Ausser den direkt betroffenen Branchen (Gastbetriebe, Tourismus, etc.) hat die Wirtschaft gelernt, mit dem Virus zu leben. Das gilt speziell für die Schweizer Wirtschaft. Die durch Corona verursachte Produktionslücke ist bereits wieder geschlossen. «Die Lage hat sich weitgehend normalisiert», stellt UBS-Ökonom Kalt fest.
Aktienbesitzer haben schon besser geschlafen. Doch jetzt zum Ausgang zu stürmen, dürfte keine gute Idee sein. Denn was gibt es für Alternativen? Mit Anleihen ist derzeit kein Geld zu verdienen, und das dürfte noch eine Weile so bleiben. So rechnen die UBS-Ökonomen damit, dass wir frühestens Ende 2023 in der Schweiz wenigstens keine Negativzinsen mehr haben.
Immobilien sind eine Alternative, aber nur für Wohlhabende.

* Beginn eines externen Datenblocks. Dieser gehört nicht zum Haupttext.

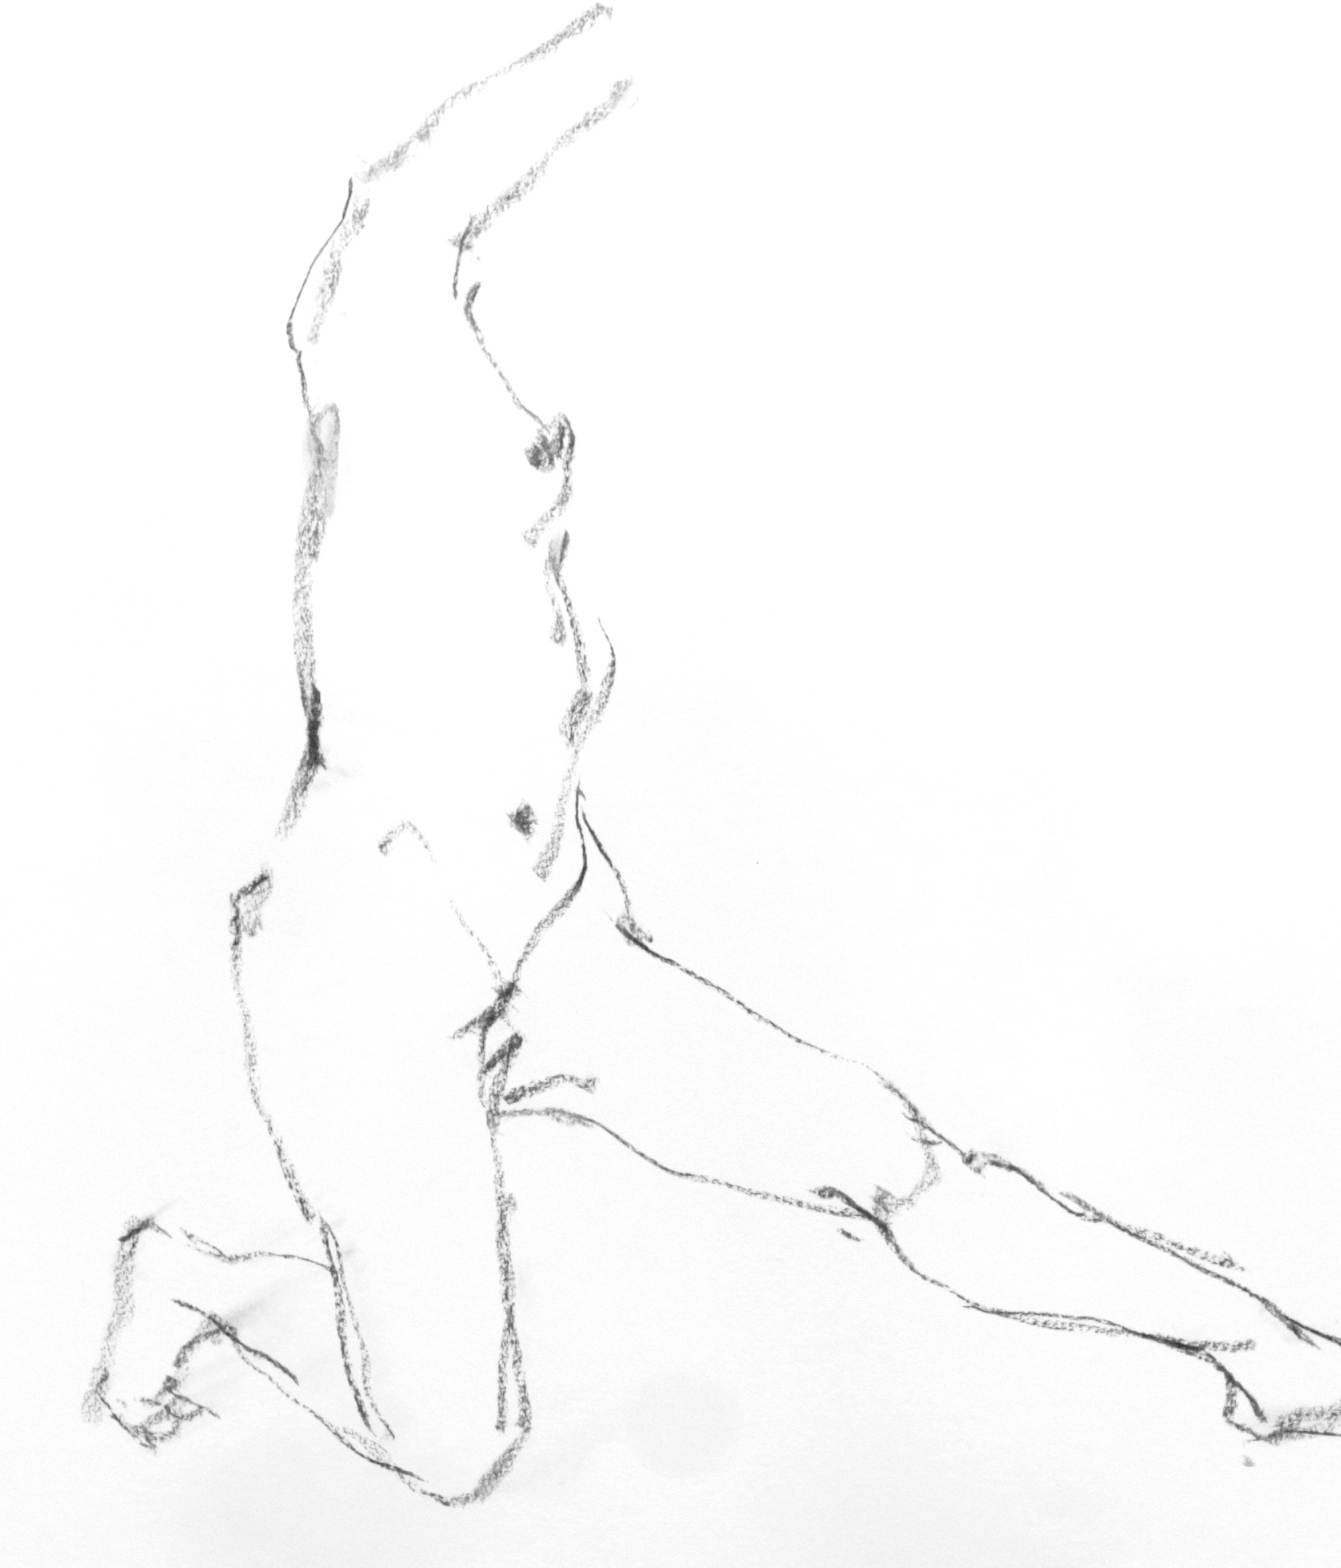 《 師走十二月の ― croquis・drawing・dessin・sketch・esquisse ― 12 》_f0159856_10225621.jpg

Bereits jetzt sind sie schweineteuer und werden immer teurer. Für Otto Normalverbraucher wird der Traum vom Eigenheim daher genau das bleiben, ein Traum.

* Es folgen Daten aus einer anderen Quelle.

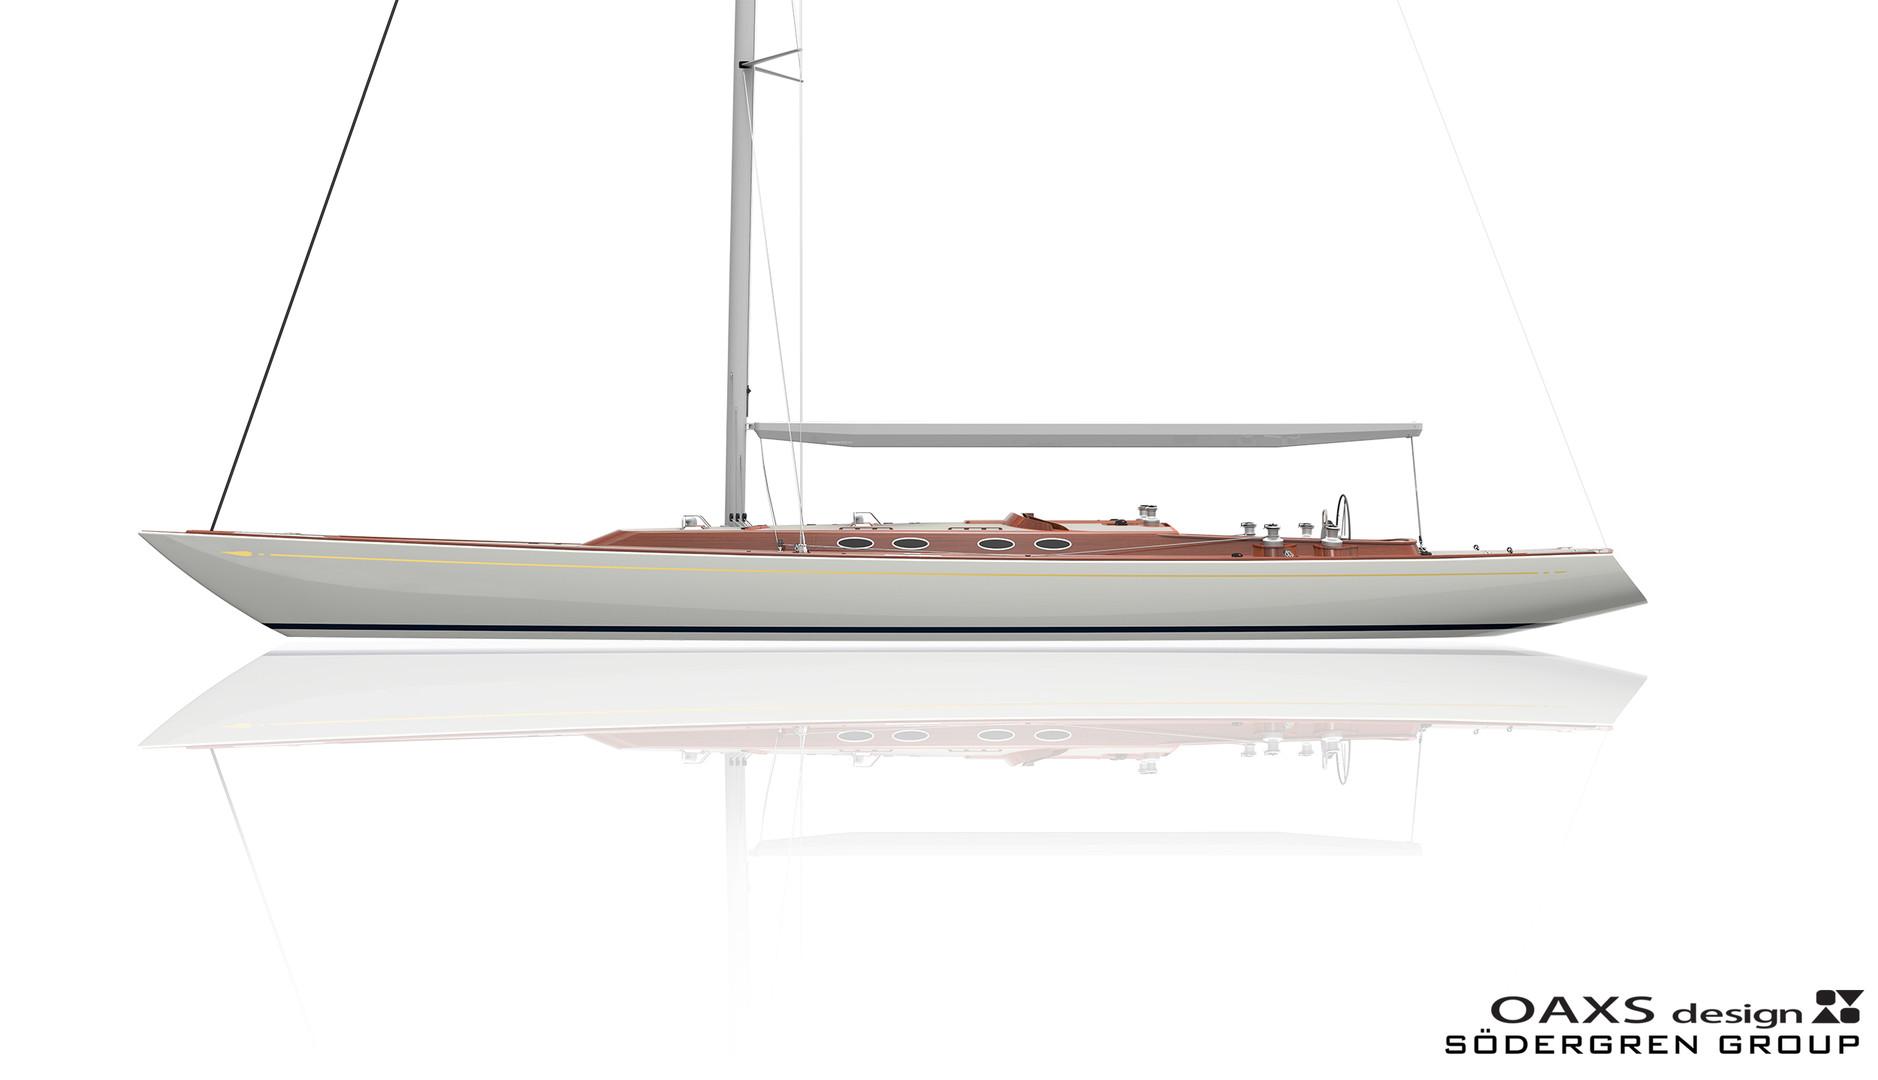 swede 68 oaxs design swedish classic yac

Wer sein Glück mit Kryptos versucht, dem muss man Nerven aus Stahl wünschen. Der Preis von Bitcoin & Co. hat sich in den letzten Monaten halbiert. Und die Aussichten sind alles andere als rosig. Selbst die russische Zentralbank überlegt sich nun, wie sie die Kryptos in den Griff bekommen will.
Wer hingegen in Aktien investiert ist, kann auf den sogenannten Greenspan-Put hoffen. Dieses nach dem ehemaligen Fed-Präsidenten Alan Greenspan benannte Phänomen bezeichnet die Tatsache, dass die US-Notenbank einzugreifen pflegt, wenn die Kurse aus dem Ruder laufen. Derzeit ist das noch nicht nötig. Zum Glück.
Anlagestrategie weiter verfolgen, nie Aktien/Kryptos auf Kredit kaufen und Portfolio diversifizieren.